Итан сунул голову в дверь ванной, где его мама нежилась в мыльной пене.

— Заходи, — сказала Шелби.

Он вошел, упорно глядя в пол. Конечно, пузырьки пены покрывали ее от шеи до кончиков пальцев, но все же… Она была его матерью… а слово «мать» плохо сочетается со словом «обнаженная».

— Не бойся, ничего непристойного ты не увидишь, — засмеялась Шелби.

Итан наконец решился поднять глаза. Мама была права, он не видел ничего, кроме ее лица.

— Мне никак не открыть эту штуковину, — сообщил Итан, протягивая ей банку с арахисовой пастой.

— Только-то. — Шелби повернула крышку и отдала сыну банку, к которой пристало немного пены. — Ты чем сейчас занимаешься?

— Делаю «муравьев на бревне»[9]. Кино такое скучное, что можно смотреть только вприкуску с чем-нибудь вкусным.

Итану взяли в прокате какой-то дурацкий детский фильм. Мальчик, разумеется, предпочел бы «Крепкий орешек — 2» и надеялся уговорить мать посмотреть его по кабельному каналу.

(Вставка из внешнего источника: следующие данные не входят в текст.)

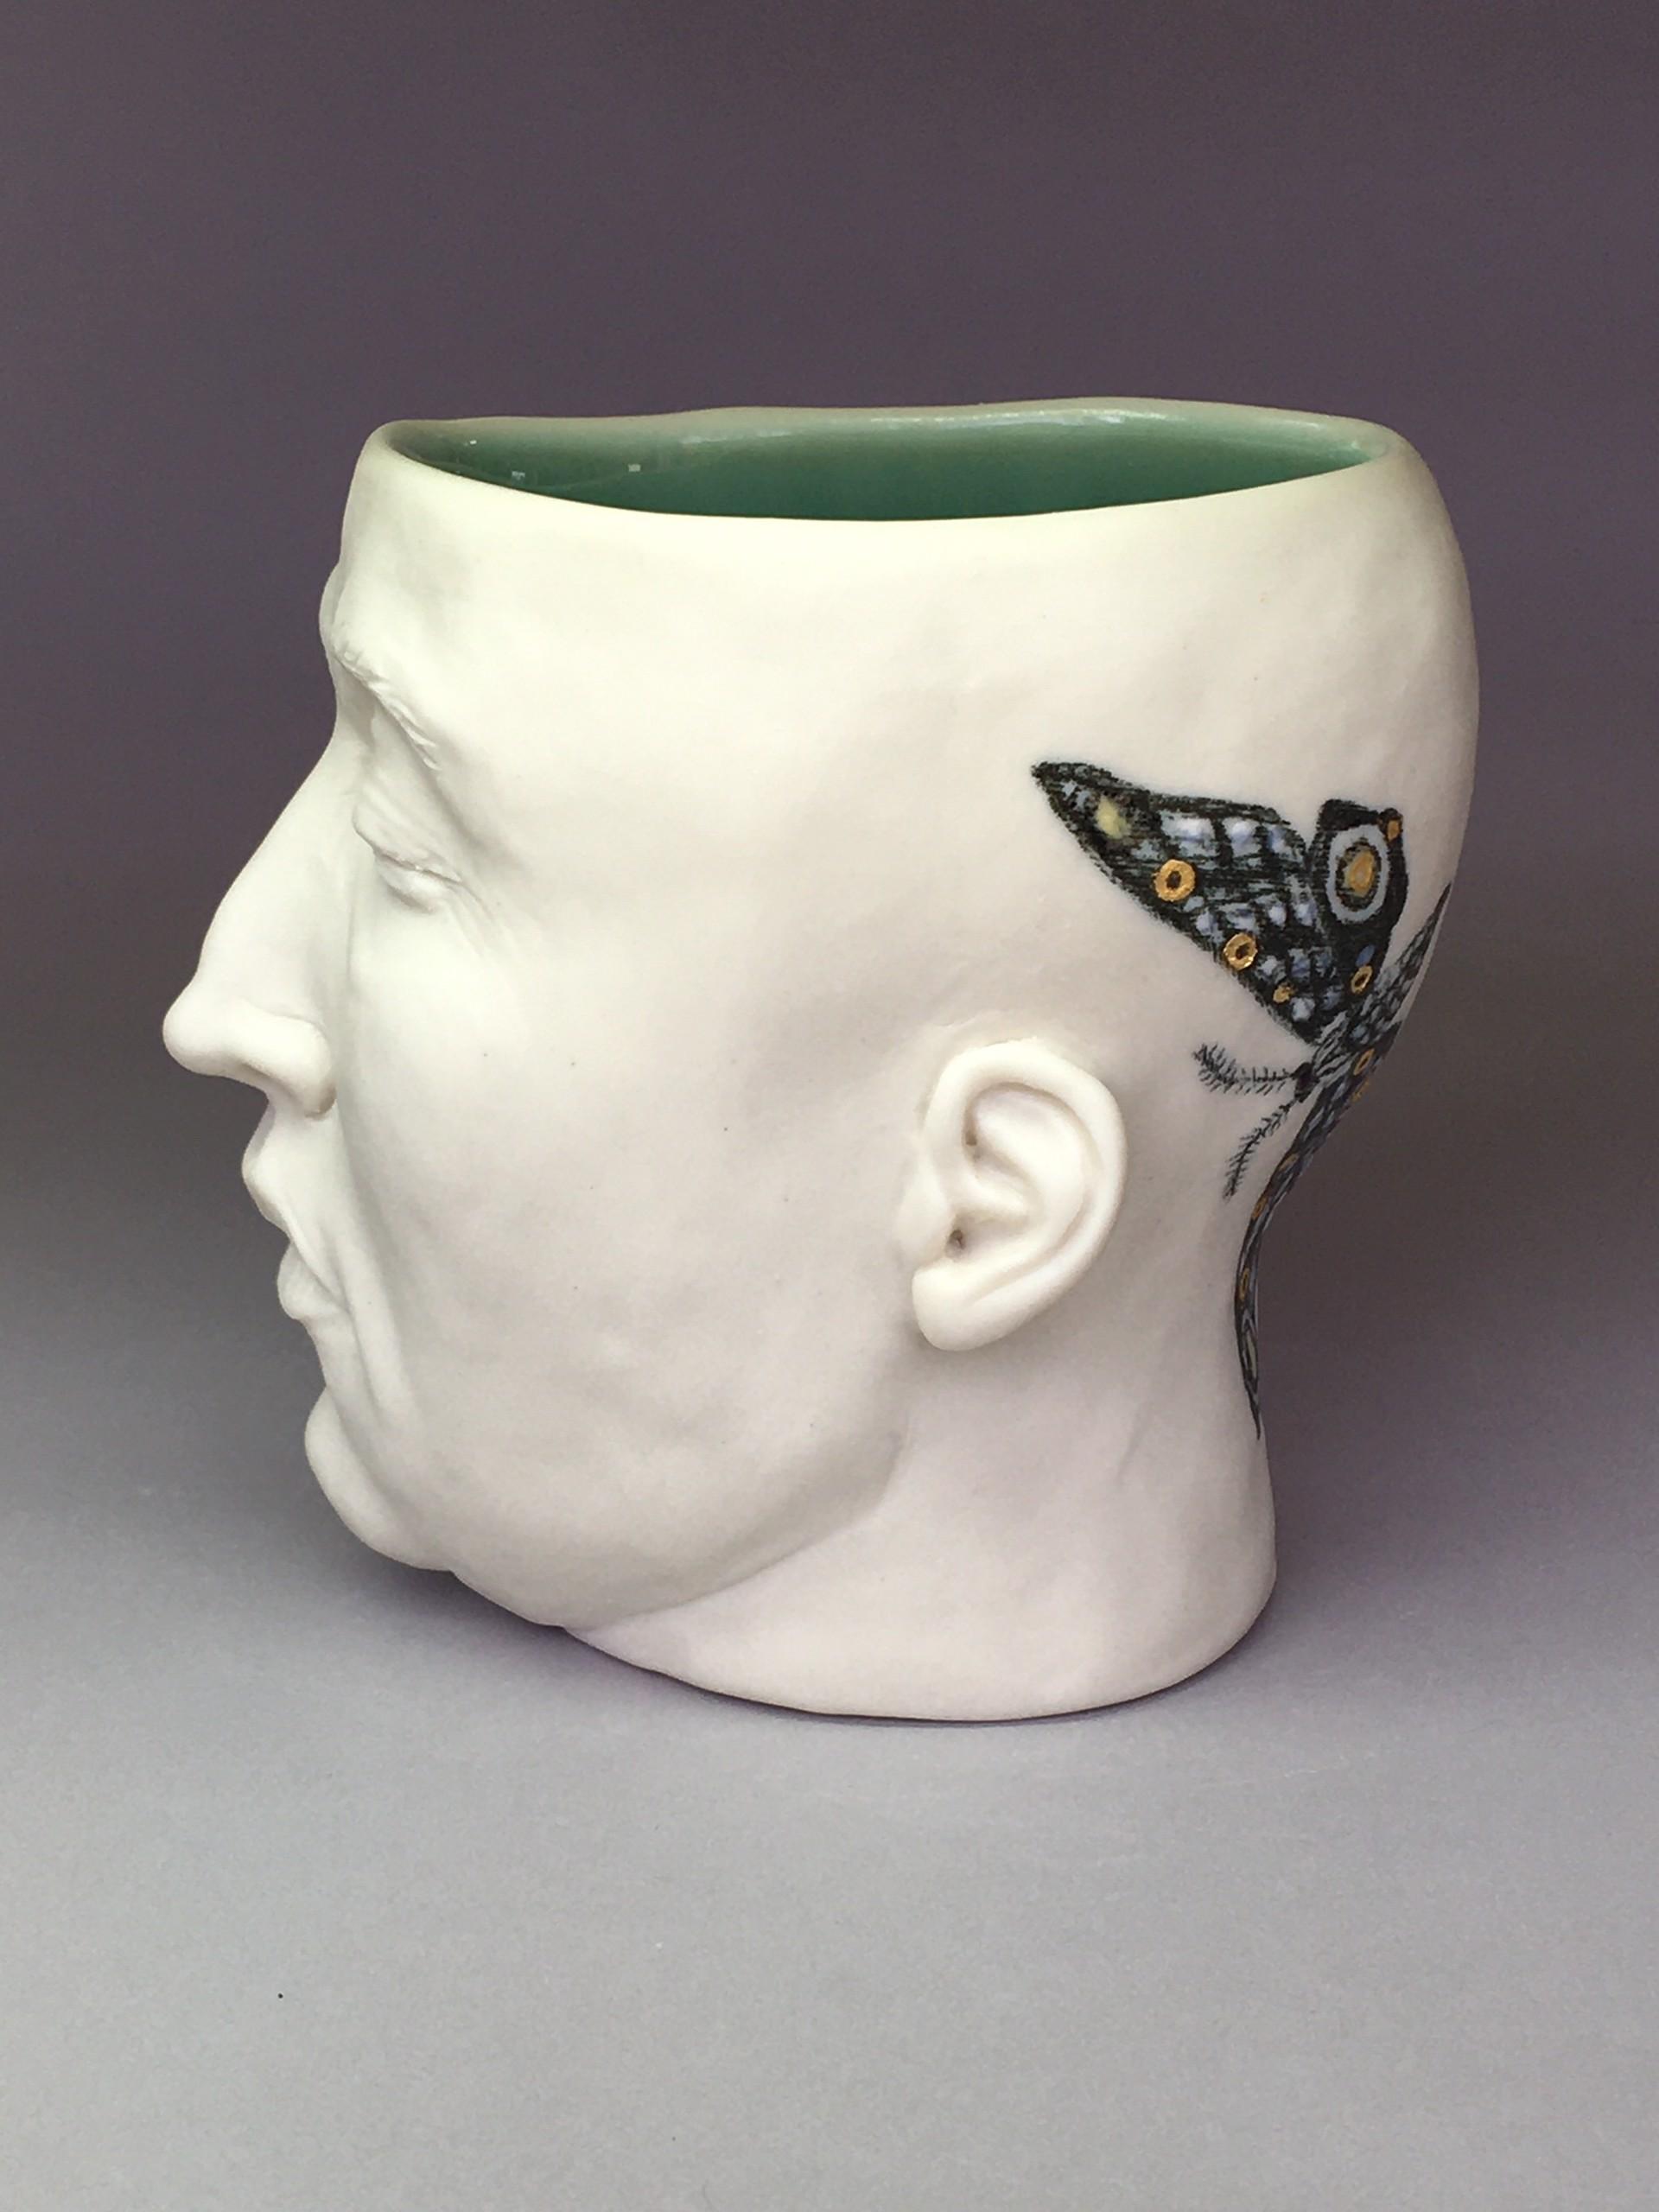 "Moth Cup III"" (left side, deep green celadon, eyes closed) by Adrian Arleo"

Он бросил взгляд в окно, по которому стекали дождевые капли:

— Жалко, что мне нельзя выйти на улицу.

— Итан!

— Знаю, что не следует так говорить. Но все равно жалко, что мне нельзя выйти на улицу.

Звонок в дверь заставил обоих вздрогнуть. Никто не собирался заглянуть к ним в субботу в девять тридцать вечера. К ним вообще никто и никогда не заглядывал. Итан наблюдал, как лицо матери побледнело и приобрело оттенок окружавшей ее мыльной пены.

— Что-то случилось с Россом… — пробормотала Шелби и встала в ванне во весь рост.

Итан успел отвернуться, прежде чем его взгляд упал… ну… на это. Шелби накинула халат, обернула вокруг головы полотенце и бросилась вниз по лестнице.

Итан мог побежать за ней вслед. Мог вернуться в кухню и заняться изюмом и сельдереем. Но он не двигался с места, словно прирос к полу. Перед глазами у него стояло то, что он увидел в ванной, перед тем как отвернуться. Голая нога в хлопьях пены.

Он сам не понимал, почему эта картина напомнила ему о той ночи, когда они с дядей Россом охотились за привидениями.

Даже в самых невероятных фантазиях Илай не мог представить себе, что будет сотрудничать с охотником за призраками. Факт — это то, что можно потрогать руками, в этом он был неколебимо уверен. Но вечерний звонок Фрэнки все изменил. На веревке не оказалось клеток предполагаемого убийцы, зато там были клетки другого человека. Ни одно из этих обстоятельств не могло полностью отменить первоначальную версию… однако все оказалось куда более запутанным, чем это представлялось Илаю. Он чувствовал необходимость поговорить с человеком, знакомым, так сказать, с историческим контекстом данного дела. С этим самым Россом Уэйкманом.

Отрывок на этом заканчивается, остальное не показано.